Well, I could show you what I have on the umbrellas so far but it looks like a mess of colors and not much else.
I redrew it on 1/2 sheet hotpressed paper and then the first thing we had to do in class was misket the red and the 2 blue umbrellas (leaving the large dark and the smaller dark umbrella alone). We misketed completely, including the handles, of those 3 and then misketed the lights in the wooden deck floor and on the umbrellas that were left alone.
Then we wet the paper down until it was very saturated and poured our colors. I'm using only 3 colors of Da Vinci fluid acrylics: Yellow = Hansa Yellow Light; Red = Quinacridone Red; and Blue = Ultramarine Blue.
Because I used the Ultramarine Blue, I got a lot of texture. And that first pour was crazy!!! The paper was so wet that the acrylic just bloomed outwards and around the paper, running all over so by the time I got the 3 colors on, I was making a lovely brown all over!!! Anxiety!!! So I had to let the color just run off the paper and onto the towel and then I sprayed a bit of the color away where I wanted a lighter value. After some anxious moments of not knowing what to do, I let the paper and paint settle in and do it's thing and it worked okay.

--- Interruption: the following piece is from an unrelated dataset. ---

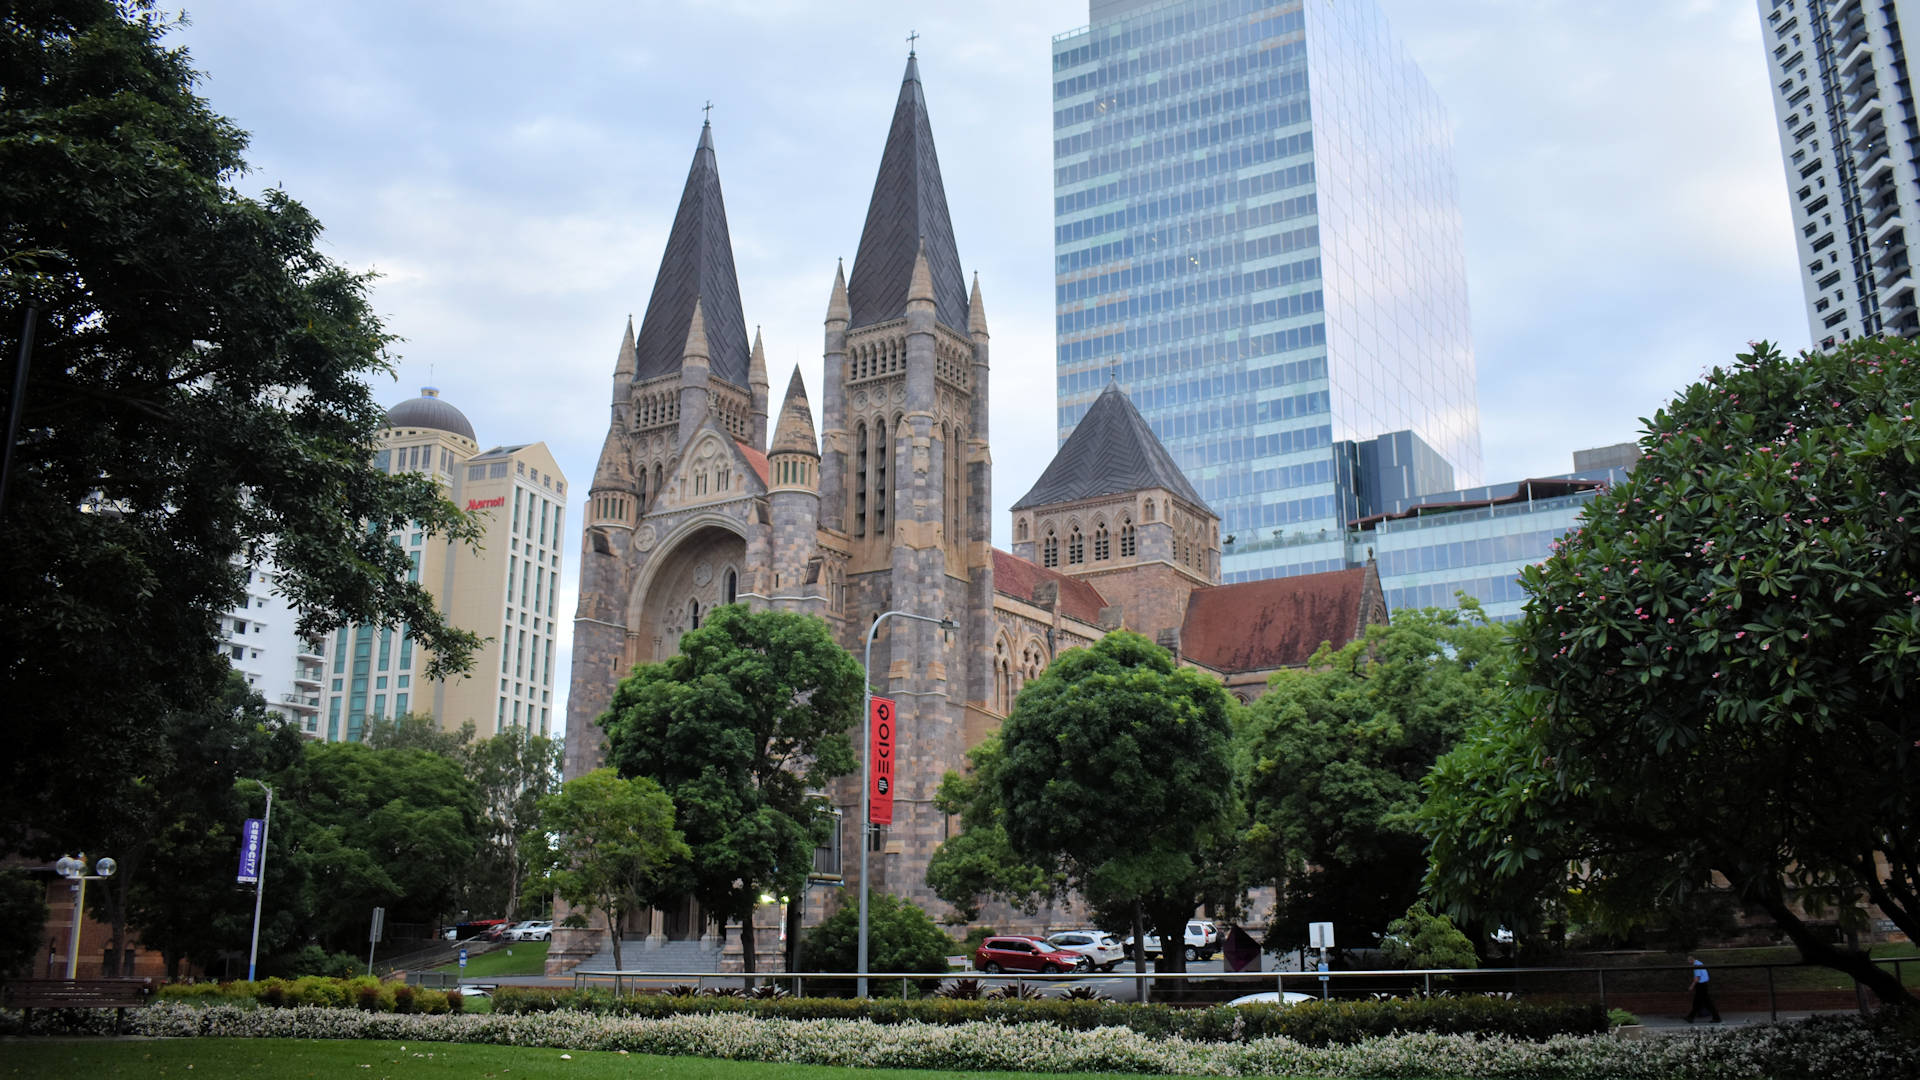 St Johns Cathedral

Then the hard part: waiting for it to dry enough to go back in with drops of clean water to make blossoms. Then again waiting for it to dry dry dry - but not completely dry - just dry enough to have the sheen off all around (and there were lots of areas that dried before other areas because there were rivers and puddles and valleys that stayed wet a long time).
But you have to wait!
Then - the fun part - and the part you have no idea how it will look until you do it:
Taking a spray bottle and with a strong stream of water, shooting the water across the paper and, by doing that, lifting the acrylic paint that has not dried to the paper. That causes the batik look.
Then you can pour more paint just like the first time, getting more darks in certain areas (after that first crazy pour, you learn to relax a bit and know you can control where the runs go if you just don't panic and tilt the paper the way you want). Then wait some more, more blossoms (if you want), and more waiting and then spray stream of water to shoot off the damp color = more batik look.
You have the freedom to do this pouring, wetting, spraying because you have misketed those areas you want to leave pure = the 3 umbrellas and the whites in the deck.
And if you've read this much, you deserve a treat (if you want to call it that! haha) so I'll share a photo of what I came home with today. Much more to be done but this is what it is with the misket still on and the 2 pours done.
The grey is the misketed areas = 3 umbrellas. You can see some large pale areas I don't like so I will need to do another pour to tone that down - this time without blossoms and sprays to lift off paint.
Next step, we do "trickles of water and drizzles of paint" which you'll have to wait until tomorrow to see and I'll explain.
I do love the texture of this - hope it turns out but if it doesn't, it's still learning and practicing.
3 comments:
This looks like fun. I am certainly enjoying watching the process.
Rhonda,
You are such a brave girl for even trying this! Anything that starts with this much chaos just defeats me, must be I have a closed mind or something. While I read that first part I thought I could hardly wait until you showed us what it looked like tomorrow (today now) and then you included the photo. Wow. Thanks for letting us see it at this stage, I cannot imagine how this is going to eventually look like the ref photo! I have faith in you though, so keep on sending the WIPs...I'm holding my breath for you here and will need to take a breath eventually!
Thanks, Vicki and Susan - glad you are enjoying it. Susan, not brave, just crazy enough to try anything once! haha And that first pour where the acrylic paint was going everywhere did seem pretty chaotic.